Information below:

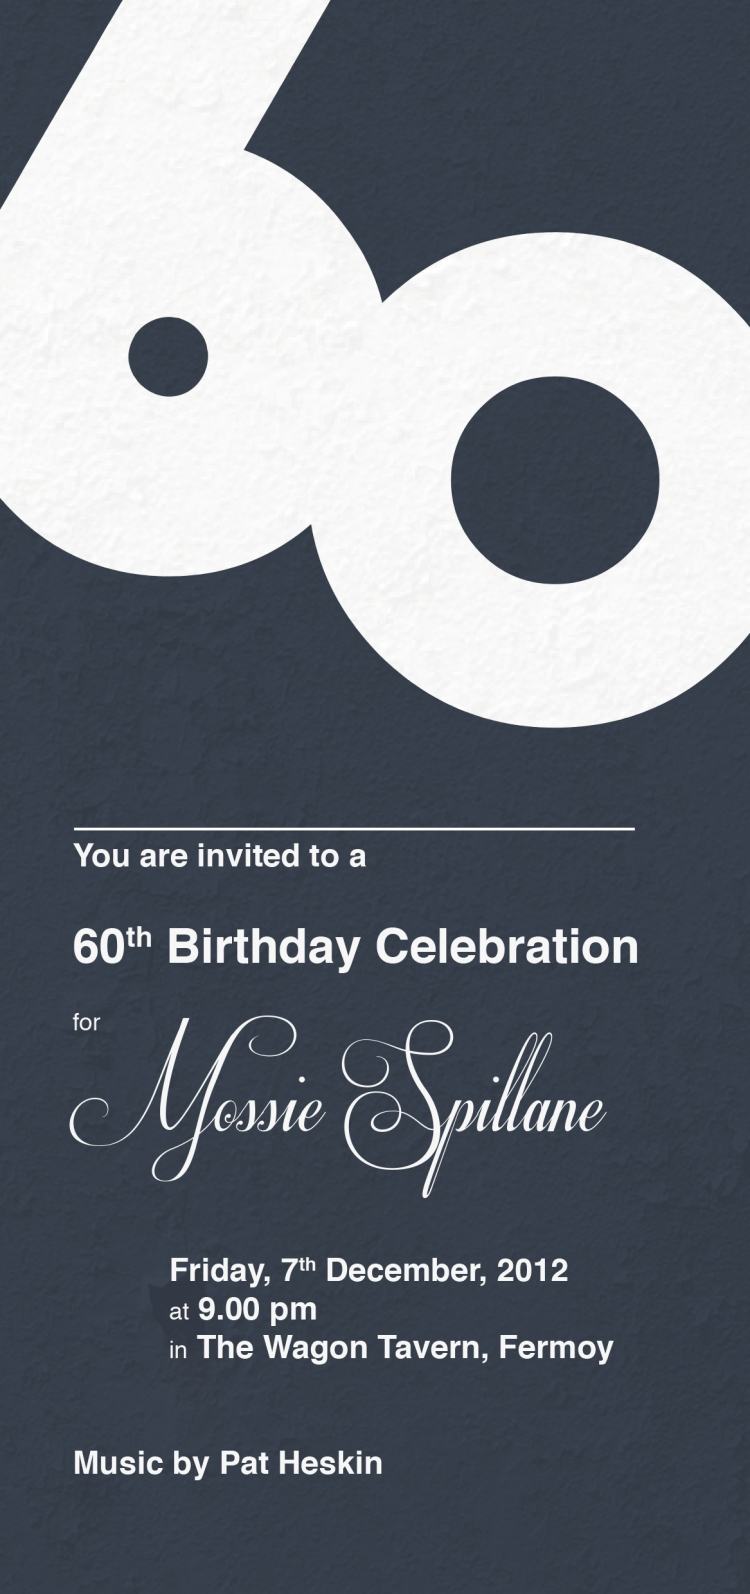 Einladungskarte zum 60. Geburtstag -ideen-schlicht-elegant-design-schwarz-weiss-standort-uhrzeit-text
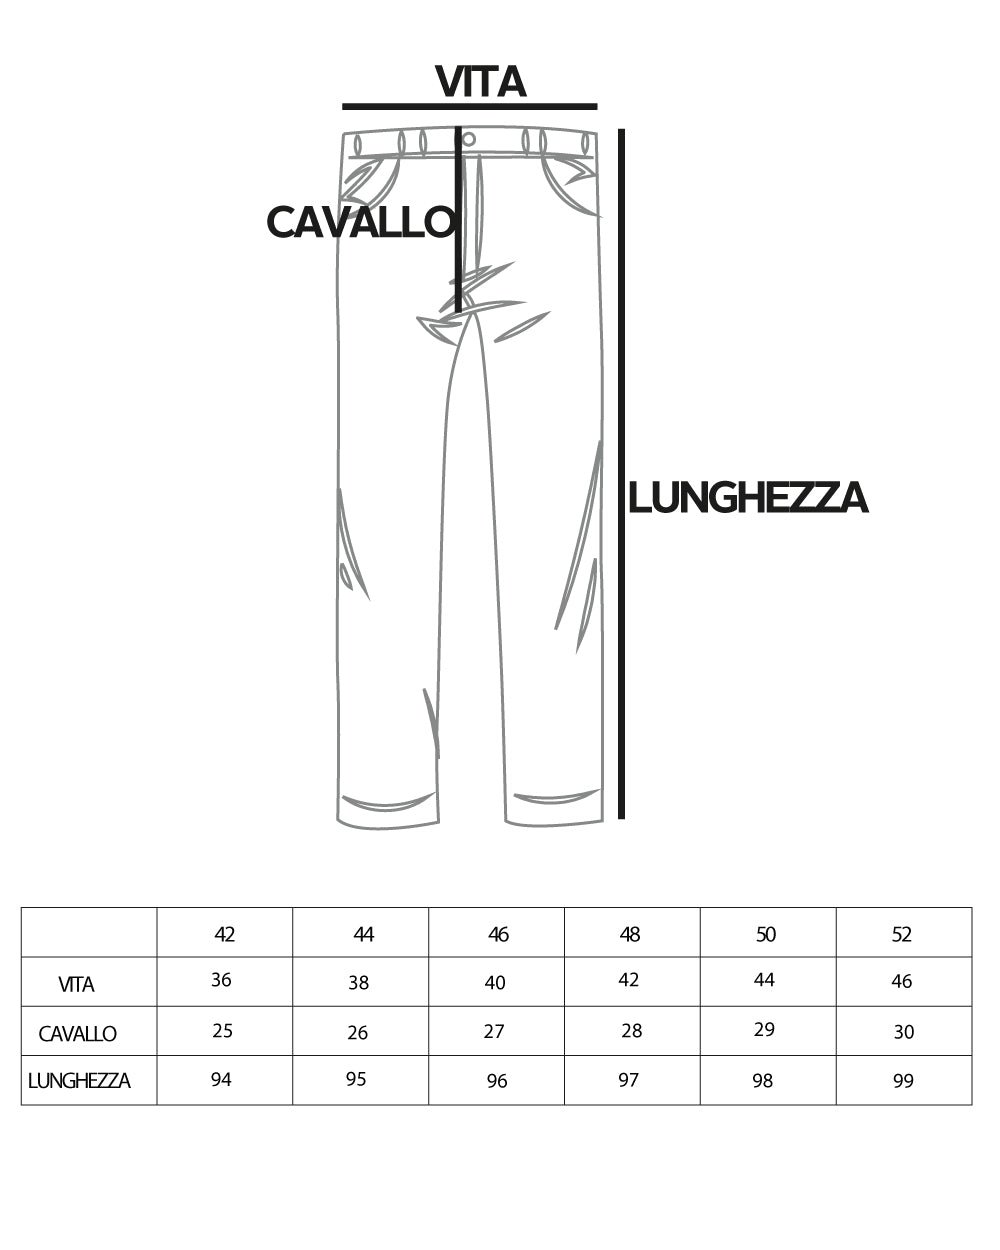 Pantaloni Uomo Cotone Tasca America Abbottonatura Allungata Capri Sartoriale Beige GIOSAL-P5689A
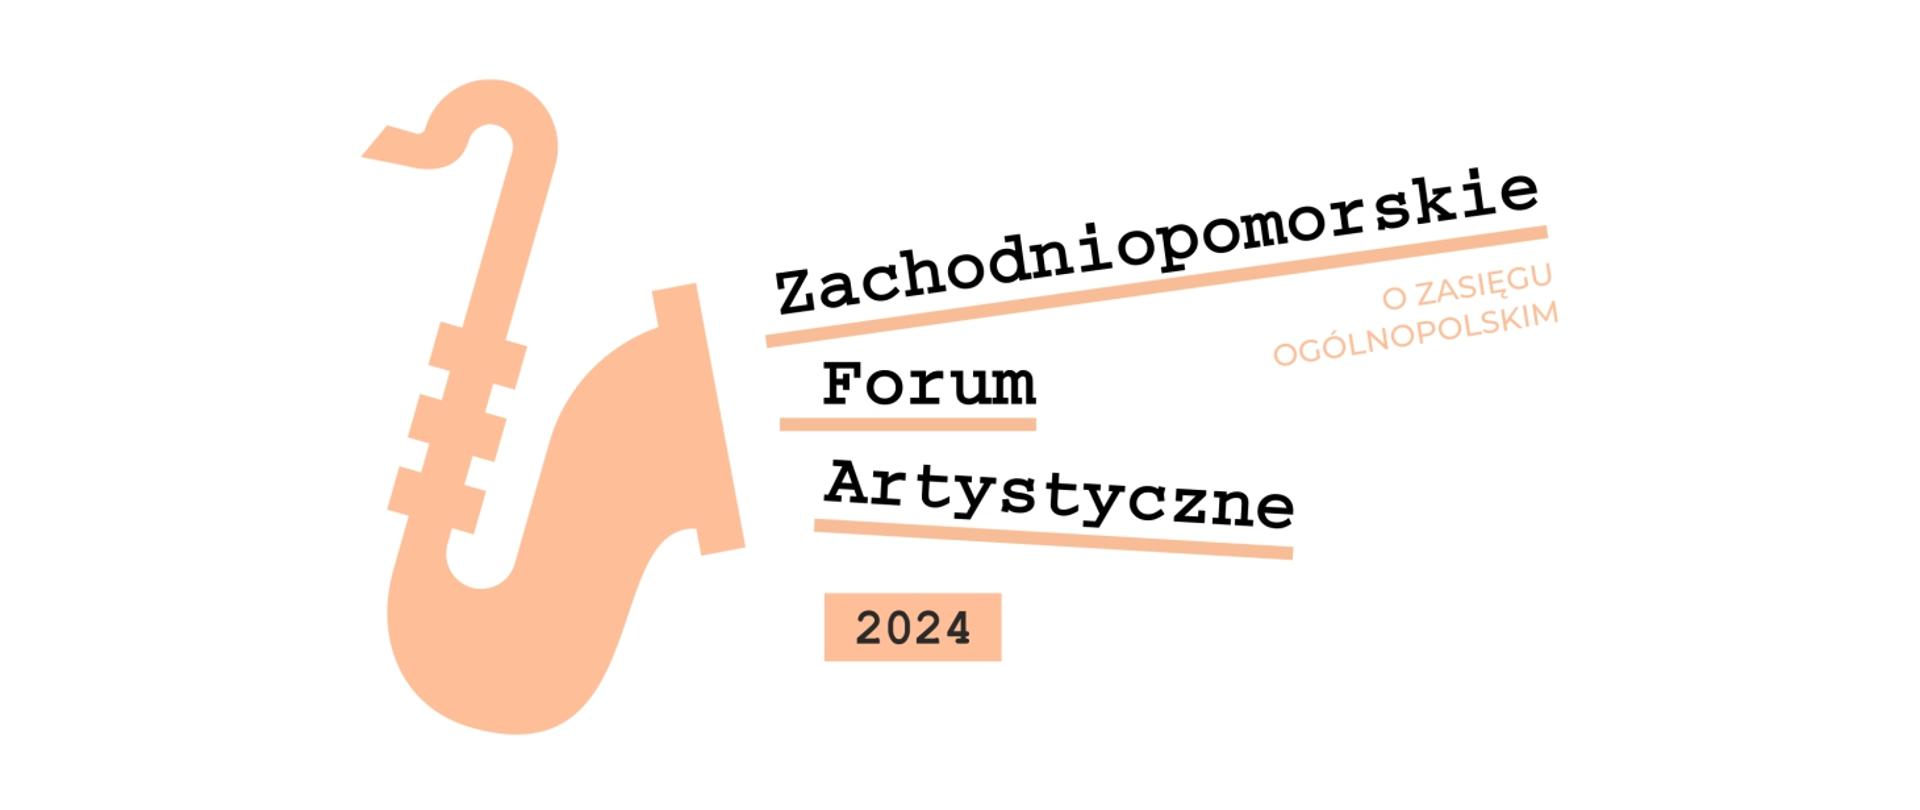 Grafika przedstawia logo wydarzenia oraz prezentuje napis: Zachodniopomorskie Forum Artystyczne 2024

End of Information.
Information below:

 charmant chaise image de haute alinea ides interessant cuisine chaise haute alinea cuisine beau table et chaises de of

End of Information.

*Your instructions*
Beginning at the line above that contains "Pantaloni Uomo Cotone", repeat each line exactly through the one that contains "Grafika przedstawia logo", and leave out the pictures.

*Answer below*
 Pantaloni Uomo Cotone Tasca America Abbottonatura Allungata Capri Sartoriale Beige GIOSAL-P5689A
 Grafika przedstawia logo wydarzenia oraz prezentuje napis: Zachodniopomorskie Forum Artystyczne 2024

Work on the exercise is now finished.